→ **Required action**:
Using the entries below, copy out all lines where "Stock" is found.

*** Entries provided ***

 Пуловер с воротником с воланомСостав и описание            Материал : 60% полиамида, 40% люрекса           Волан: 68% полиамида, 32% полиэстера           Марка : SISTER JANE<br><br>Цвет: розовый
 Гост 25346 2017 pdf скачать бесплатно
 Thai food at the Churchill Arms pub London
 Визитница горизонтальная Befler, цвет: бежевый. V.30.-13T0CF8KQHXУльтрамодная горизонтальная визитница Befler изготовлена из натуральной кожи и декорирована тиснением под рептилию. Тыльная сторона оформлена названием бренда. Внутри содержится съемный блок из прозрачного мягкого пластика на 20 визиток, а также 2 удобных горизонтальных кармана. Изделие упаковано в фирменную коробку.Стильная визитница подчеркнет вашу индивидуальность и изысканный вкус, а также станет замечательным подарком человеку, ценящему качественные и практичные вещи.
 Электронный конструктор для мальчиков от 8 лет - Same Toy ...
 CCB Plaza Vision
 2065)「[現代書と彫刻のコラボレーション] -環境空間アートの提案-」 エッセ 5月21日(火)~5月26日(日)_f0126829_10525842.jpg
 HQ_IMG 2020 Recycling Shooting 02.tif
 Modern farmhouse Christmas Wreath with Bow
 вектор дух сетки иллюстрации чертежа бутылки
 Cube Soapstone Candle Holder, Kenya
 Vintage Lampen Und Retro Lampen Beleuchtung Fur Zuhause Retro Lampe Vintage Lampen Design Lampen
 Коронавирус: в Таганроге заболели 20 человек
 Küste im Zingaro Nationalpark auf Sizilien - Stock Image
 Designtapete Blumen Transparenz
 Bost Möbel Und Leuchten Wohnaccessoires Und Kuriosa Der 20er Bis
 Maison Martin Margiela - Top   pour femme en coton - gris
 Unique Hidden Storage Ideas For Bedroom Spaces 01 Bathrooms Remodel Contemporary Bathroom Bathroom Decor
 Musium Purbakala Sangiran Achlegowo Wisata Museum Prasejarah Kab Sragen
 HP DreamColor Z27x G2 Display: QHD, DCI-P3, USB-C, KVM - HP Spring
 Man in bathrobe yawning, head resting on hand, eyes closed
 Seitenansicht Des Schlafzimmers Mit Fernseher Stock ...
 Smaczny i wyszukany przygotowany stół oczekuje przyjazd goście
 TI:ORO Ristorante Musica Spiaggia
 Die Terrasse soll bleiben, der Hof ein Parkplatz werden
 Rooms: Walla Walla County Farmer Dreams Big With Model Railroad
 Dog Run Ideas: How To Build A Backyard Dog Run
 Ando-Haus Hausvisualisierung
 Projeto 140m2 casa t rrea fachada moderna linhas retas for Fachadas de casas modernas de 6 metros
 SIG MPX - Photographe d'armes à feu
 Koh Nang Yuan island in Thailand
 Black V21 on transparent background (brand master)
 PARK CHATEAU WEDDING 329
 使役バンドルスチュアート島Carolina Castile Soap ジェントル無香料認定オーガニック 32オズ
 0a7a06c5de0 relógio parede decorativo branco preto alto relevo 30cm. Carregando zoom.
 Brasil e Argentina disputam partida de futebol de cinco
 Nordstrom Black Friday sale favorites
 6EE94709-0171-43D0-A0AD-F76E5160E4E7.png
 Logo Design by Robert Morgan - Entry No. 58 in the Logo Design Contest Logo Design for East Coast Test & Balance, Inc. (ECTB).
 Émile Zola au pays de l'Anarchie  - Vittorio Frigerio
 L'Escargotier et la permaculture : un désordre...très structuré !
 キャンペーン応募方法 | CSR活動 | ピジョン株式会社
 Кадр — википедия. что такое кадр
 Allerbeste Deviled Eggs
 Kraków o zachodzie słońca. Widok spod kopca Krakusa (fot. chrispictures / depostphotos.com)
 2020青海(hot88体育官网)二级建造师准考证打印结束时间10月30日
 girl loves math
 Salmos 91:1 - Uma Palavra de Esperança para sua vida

*** End of Entries provided ***

→ **Expected output**:
 Küste im Zingaro Nationalpark auf Sizilien - Stock Image
 Seitenansicht Des Schlafzimmers Mit Fernseher Stock ...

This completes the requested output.